BIMCO: Container Shipping May Face Bankruptcies if It Fails to Recover Extra Fuel Costs

container shipping industryIllustration. Image Courtesy: PxHere under CC0 Creative Commons license

A failure to recover the extra fuel costs in full may result in bankruptcies in the container shipping industry, international shipping association BIMCO said.

As the starting line for the International Maritime Organization (IMO) sulphur cap approaches, the dominant theme of 2019 will be the sharing of the higher costs that are expected in various forms towards the end of the year, according to the association.

These extra costs will come either as a result of purchase of fuels, which are more expensive than heavy sulphur fuel oil (HSFO), or investments in abatement technologies that will allow carriage and consumption of HSFO.

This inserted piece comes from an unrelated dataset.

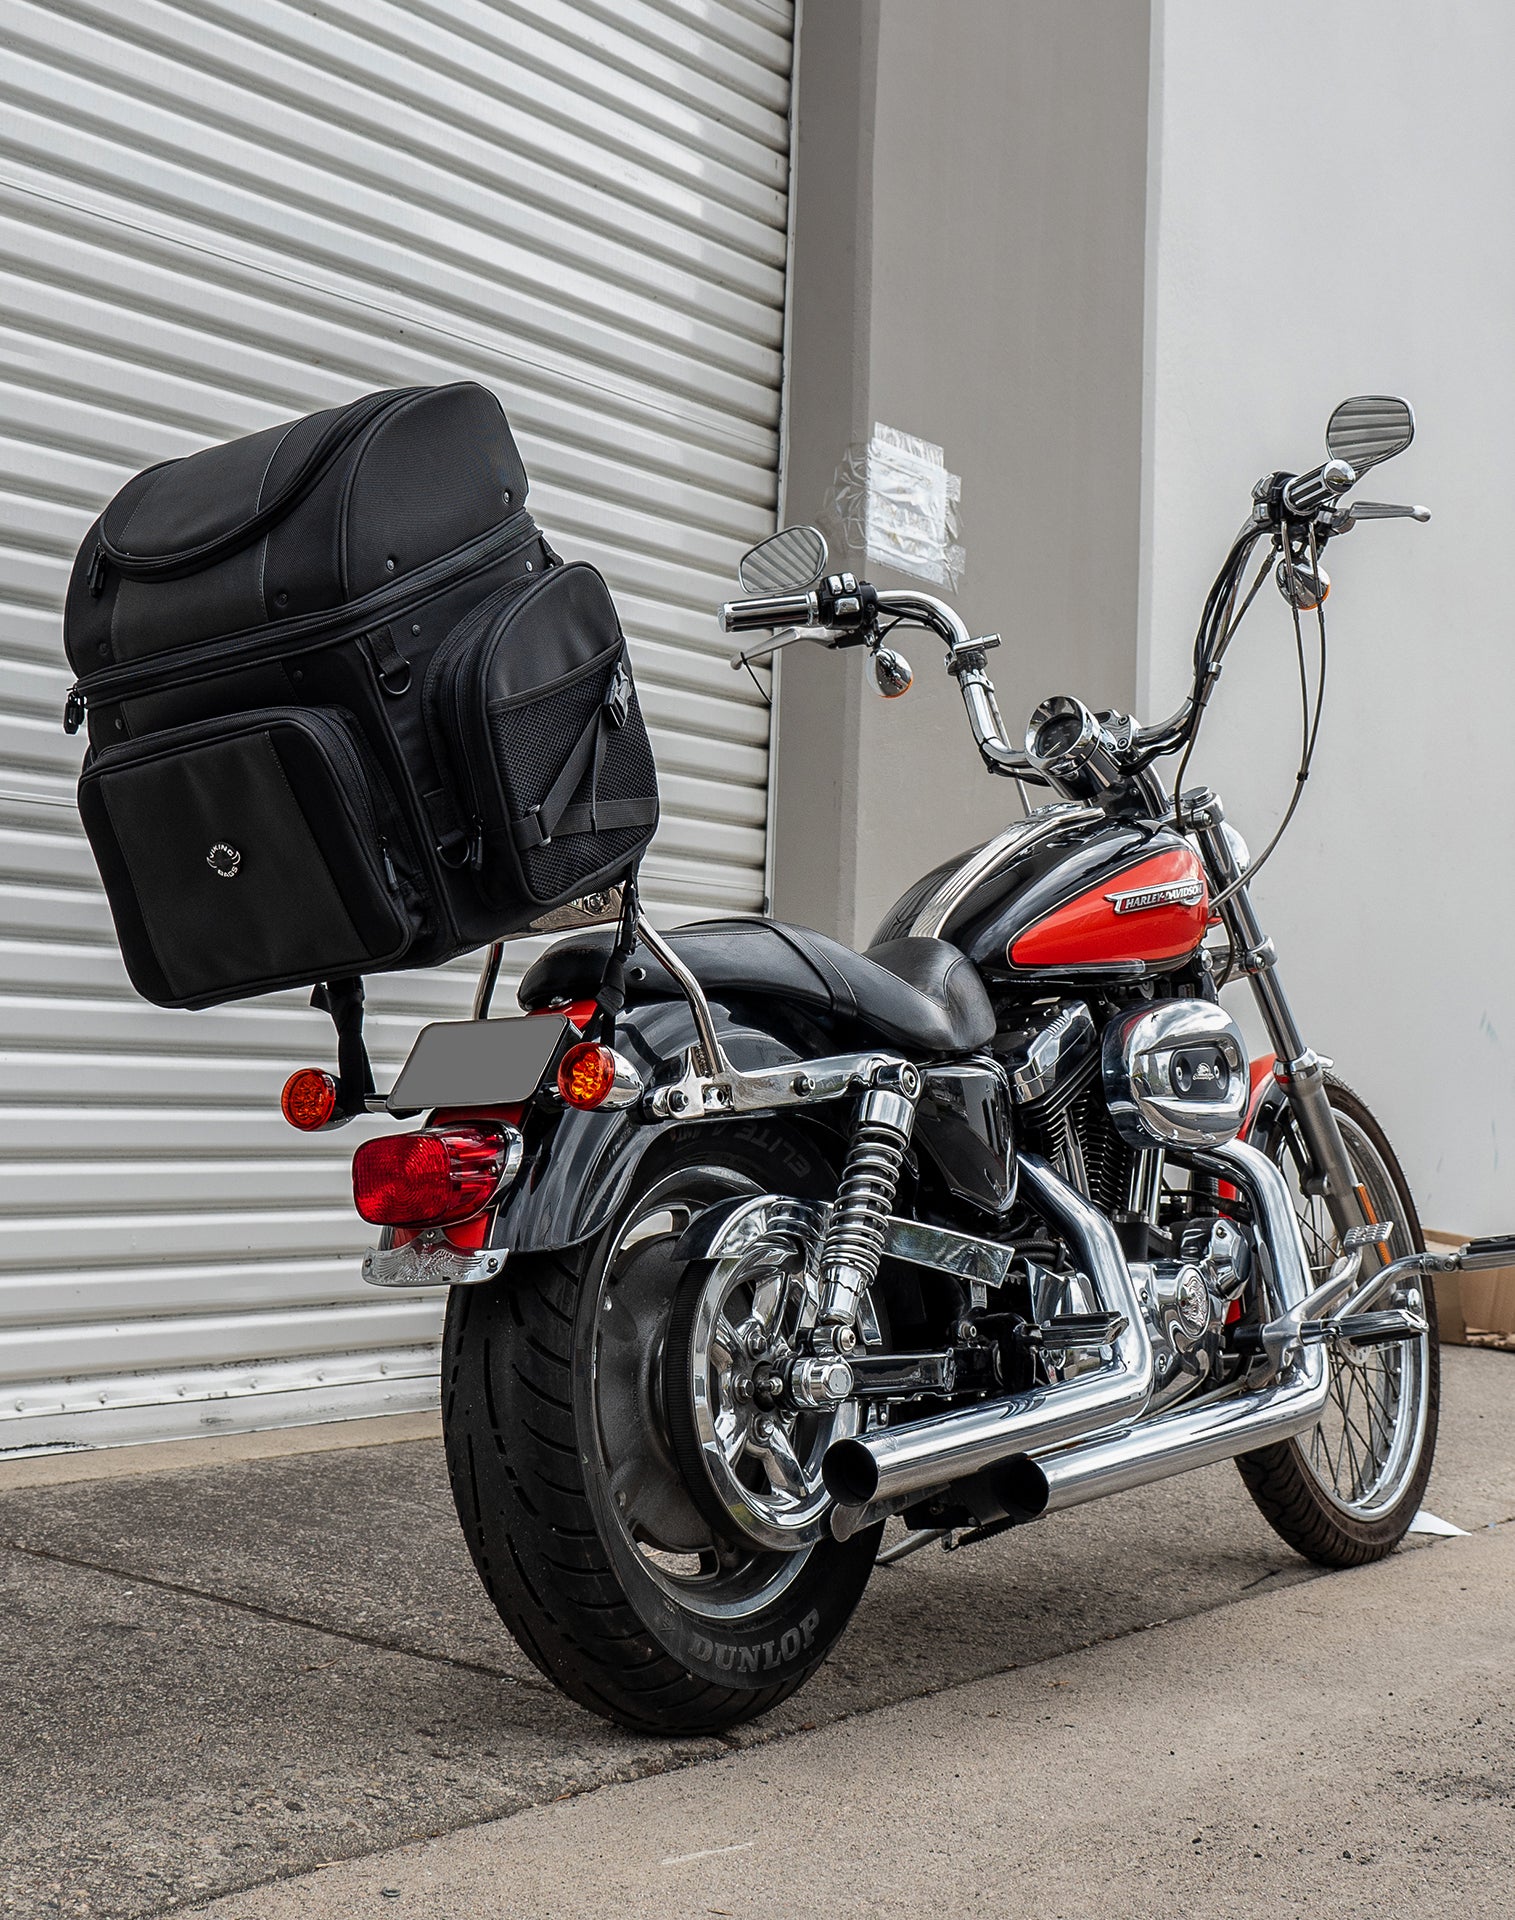 52L - Galleon XL Hysoung Motorcycle Tail Bag

As explained, profit margins in this industry will be reduced everywhere unless these costs are passed on to the end customer through the whole supply chain. According to BIMCO, the ability of container shipping to pass on increases depends on its negotiating power and a fundamentally strong freight market.

Moreover, BIMCO said that the gloomy outlook in container shipping seems certain for this year and is likely to be extended.

Containerized imports in Europe look likely to be stuck with demand growth of no more than 2% for years to come. That means the long-hauls into northern and southern Europe, where ultra large containerships are perfectly suited to reap the benefits of economies of scale, will suffer unless cascading is accelerated.

As the US East Coast ports are now fully equipped with cranes to cater for ultra large containerships, the nation saw strong import growth into the US via this route in 2017 (10%) and again in 2018 (8%). More cargo is likely to follow this trend, away from the more crowded options of the US West Coast. Despite this, BIMCO forecasts overall imports into the US will be lower in 2019 when compared with 2018.

The higher growth rates are expected on North-South trades, highlighting South America and imports into Africa as places where volumes – but not so much freight rates – could improve in 2019.

The annual contracts for transpacific cargoes – normally running from May to April – are negotiated soon. Although higher freight rates are expected, tough and difficult negotiations lie ahead, as markets have weakened somewhat since Q4 2018.

Looking into 2019, BIMCO is forecasting a 3.4% container-fleet growth rate, assuming demolition levels remain low. Should the initial demolition level, set at 100,000 TEU, turn out to be twice as high, fleet growth in this shipping industry will be reduced by 0.5% to 2.9%.